What to do: Retype, word for word, the line holding "令和元年産京都丹波ミルキークイーンの米粉 1k g 加工品/その他加工品通販" and each line after it down to the end of the data; pictures are not copied.

Dataset content:
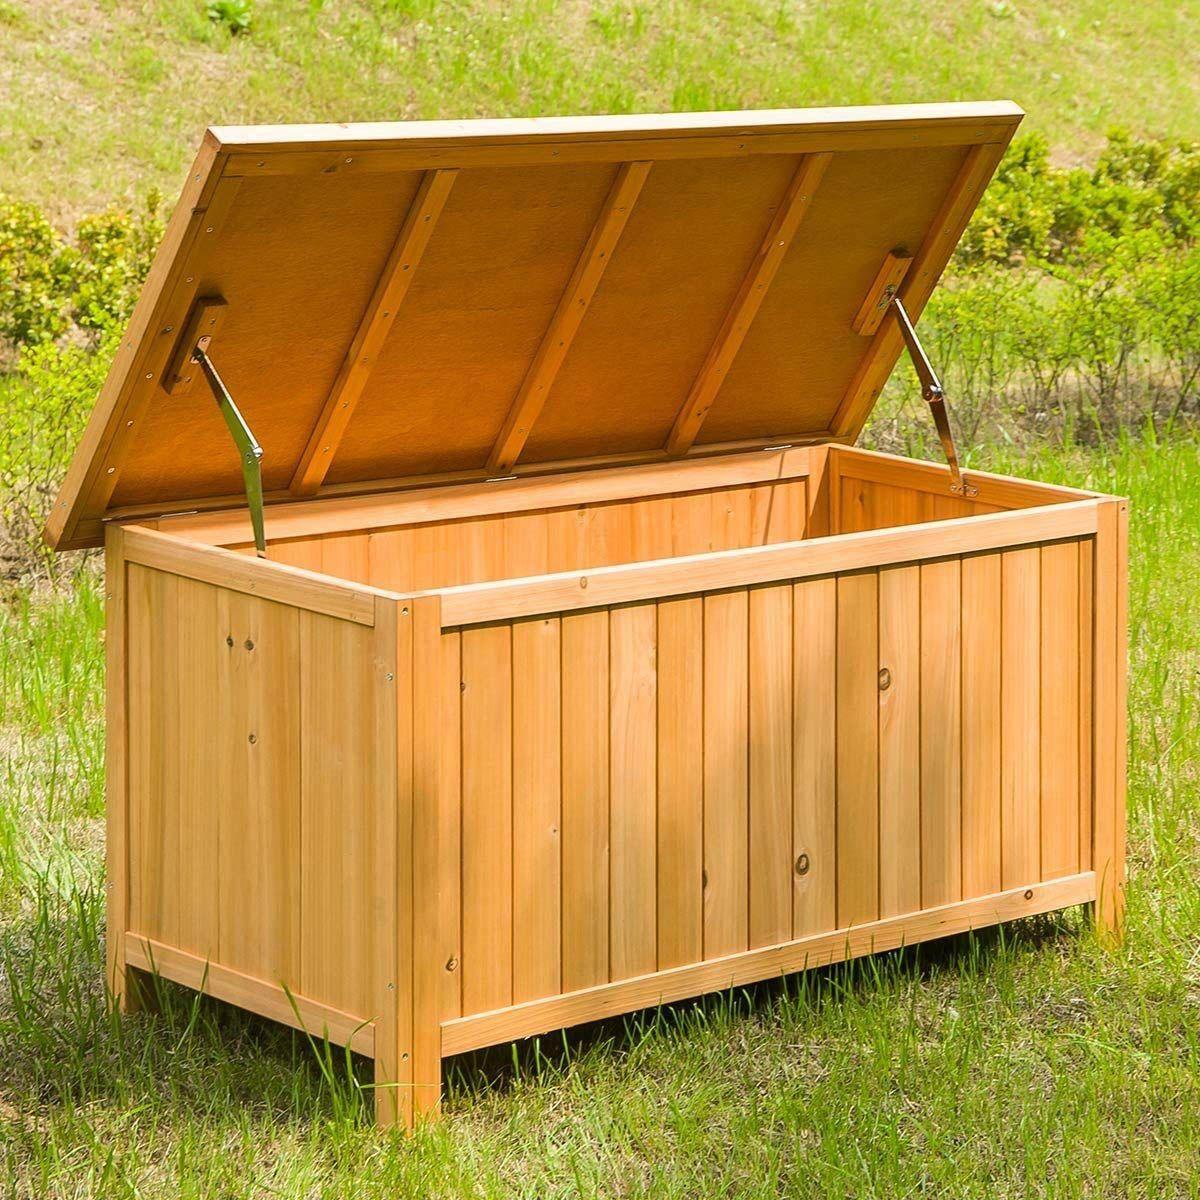 10 Charming Diy Outdoor Storage Ideas Patio Storage Outdoor Storage Bench Outdoor Storage
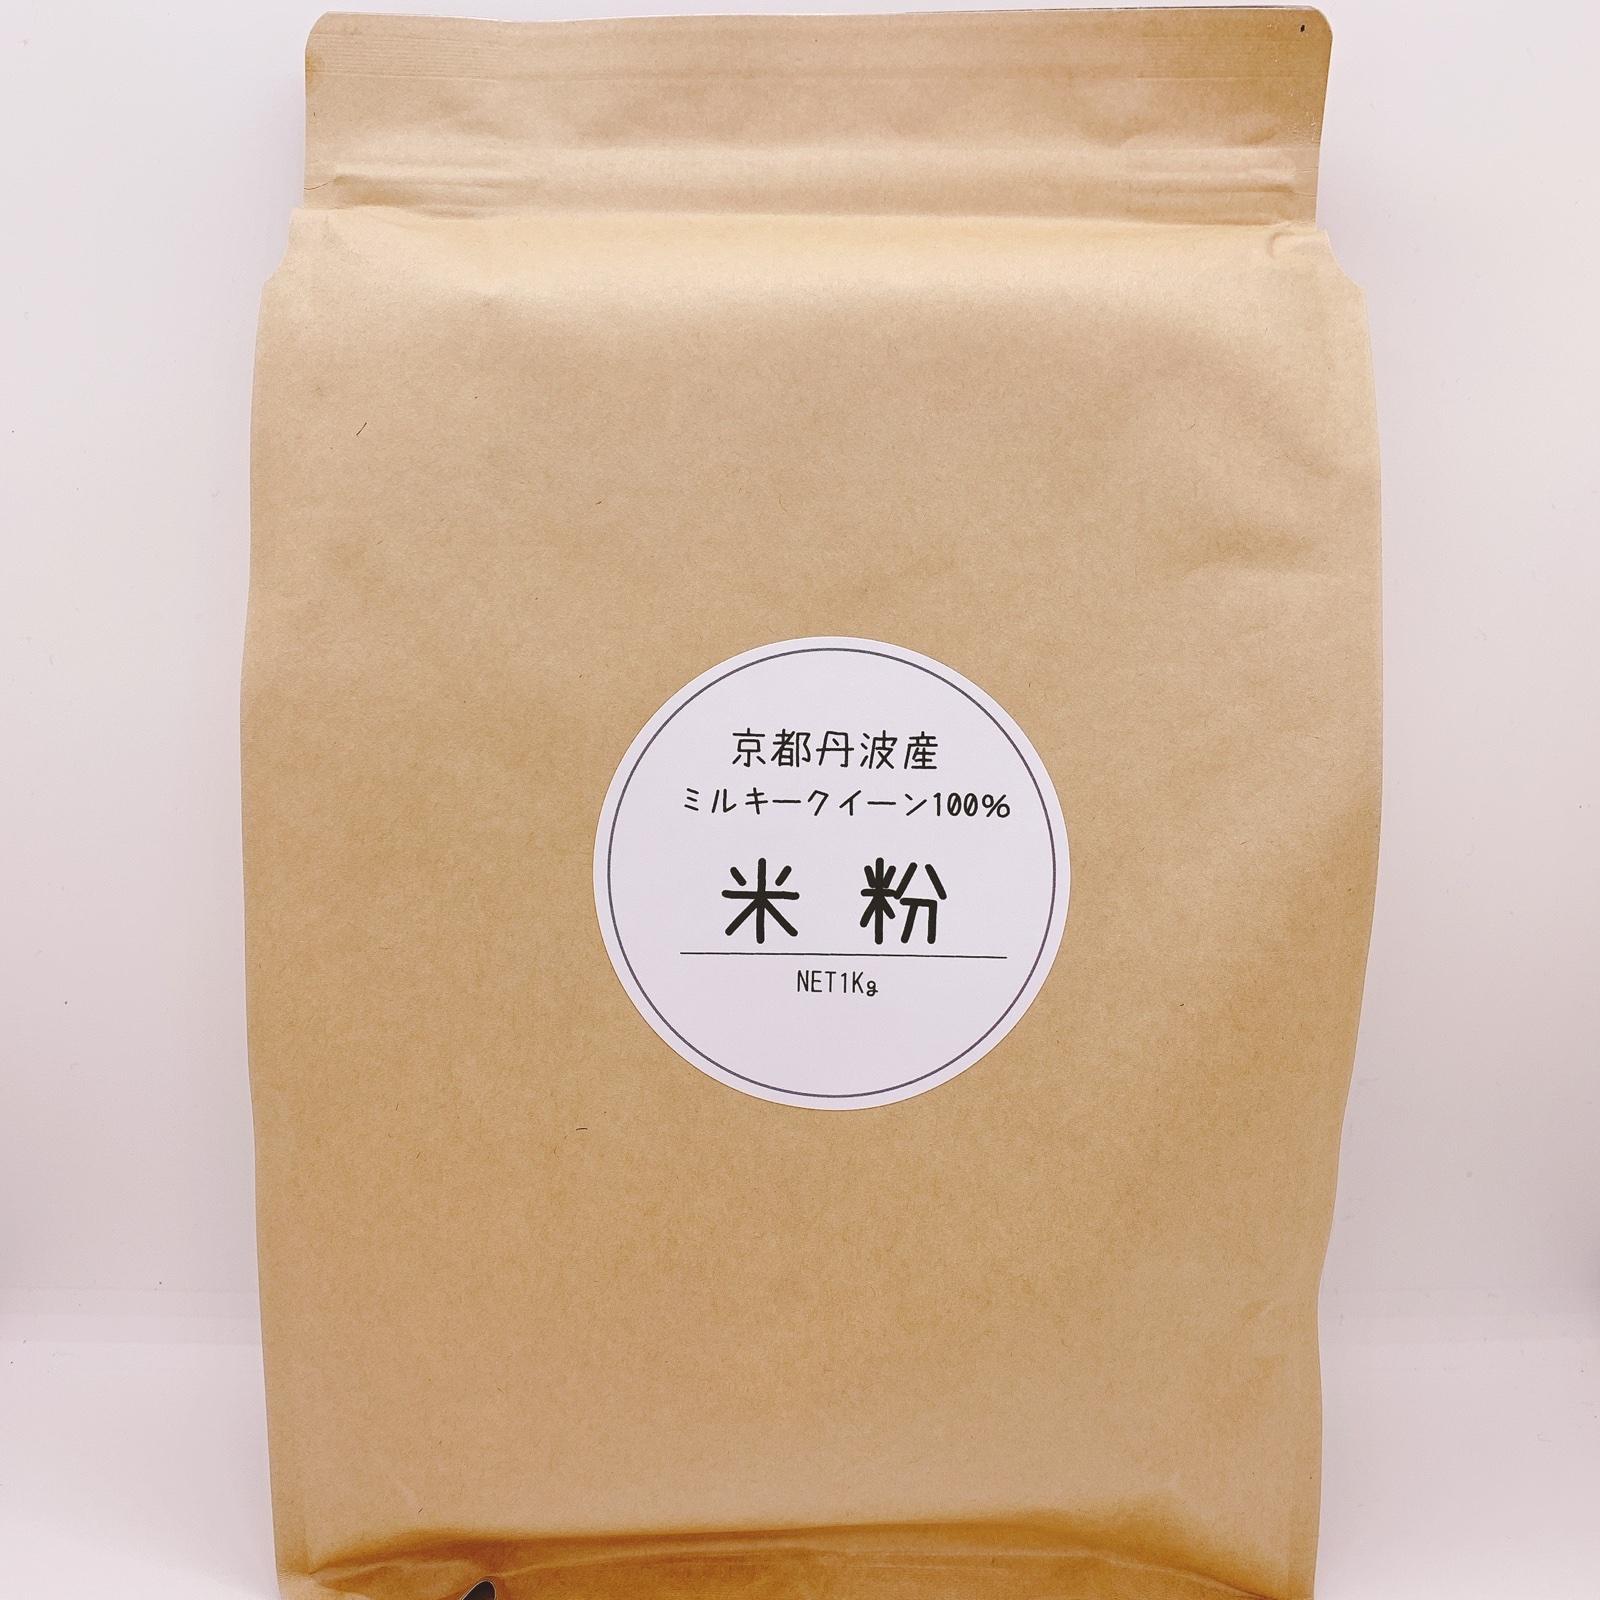 令和元年産京都丹波ミルキークイーンの米粉 1k g 加工品/その他加工品通販
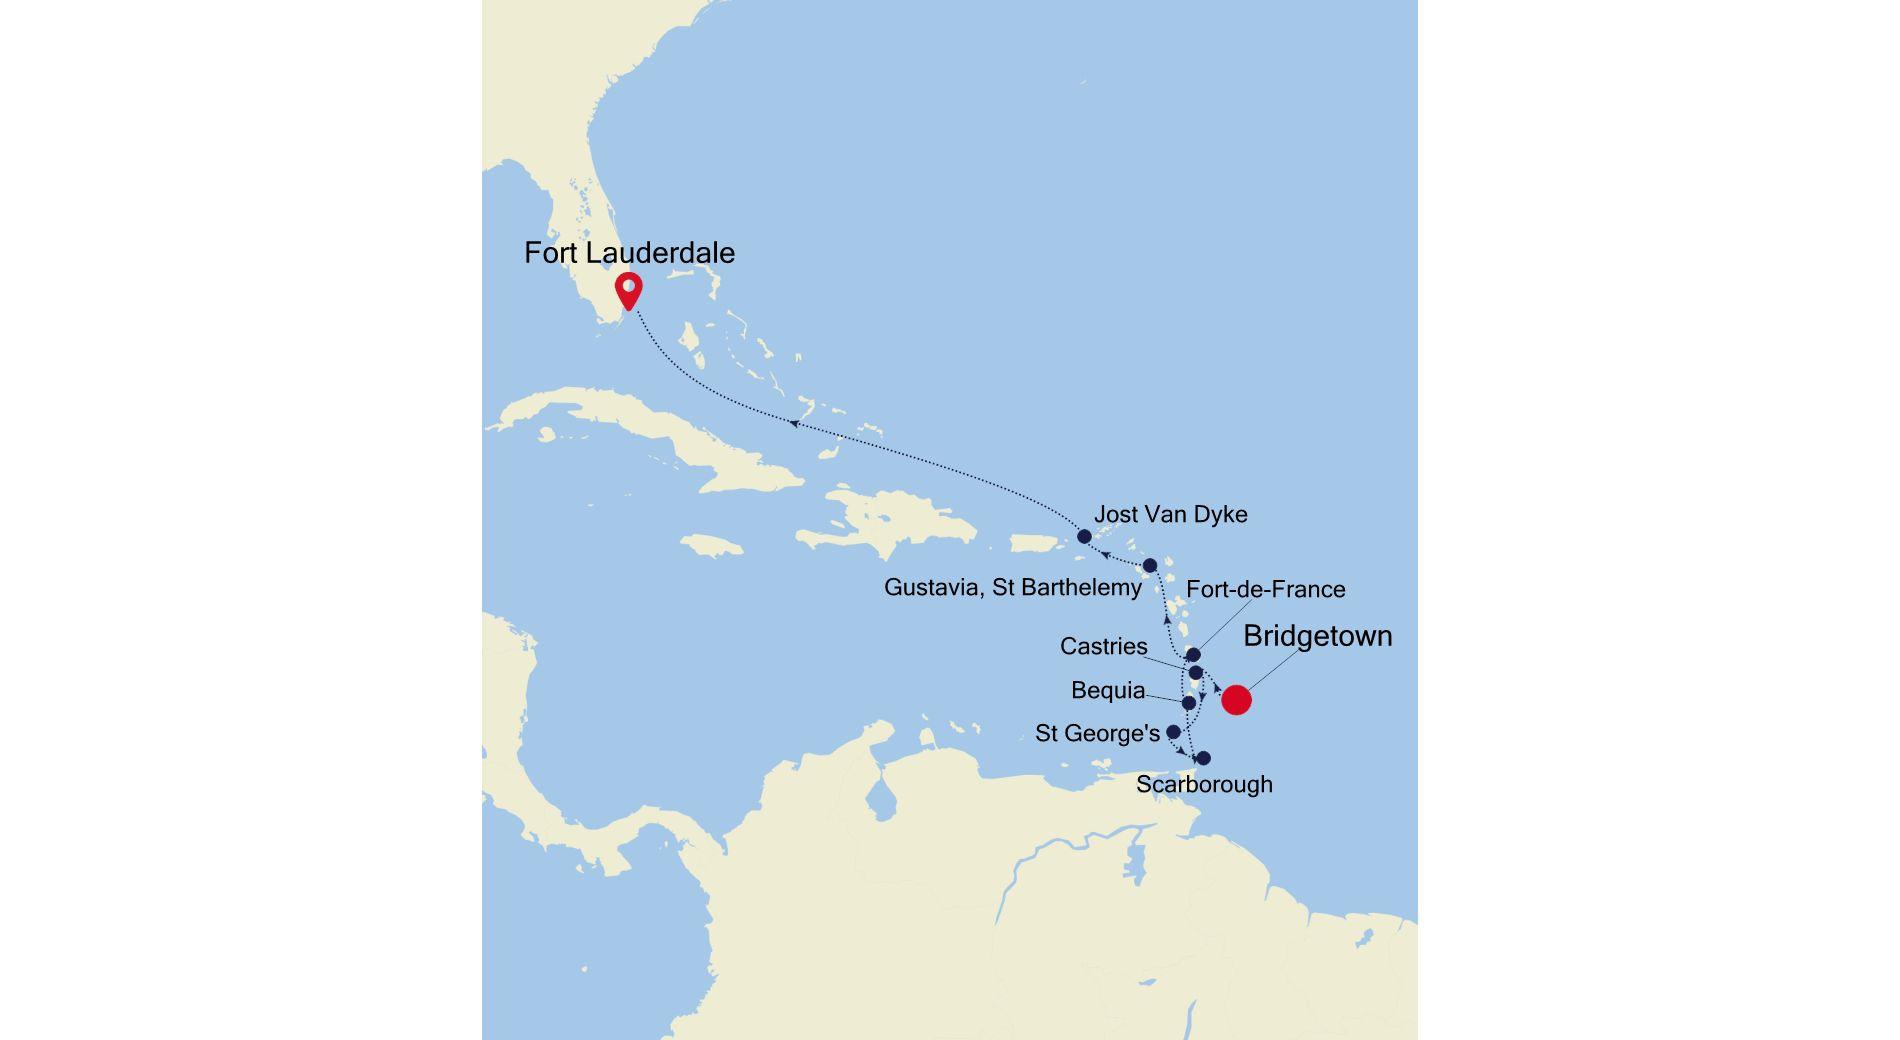 2013 - Bridgetown nach Fort Lauderdale

Solution below:
 令和元年産京都丹波ミルキークイーンの米粉 1k g 加工品/その他加工品通販
 2013 - Bridgetown nach Fort Lauderdale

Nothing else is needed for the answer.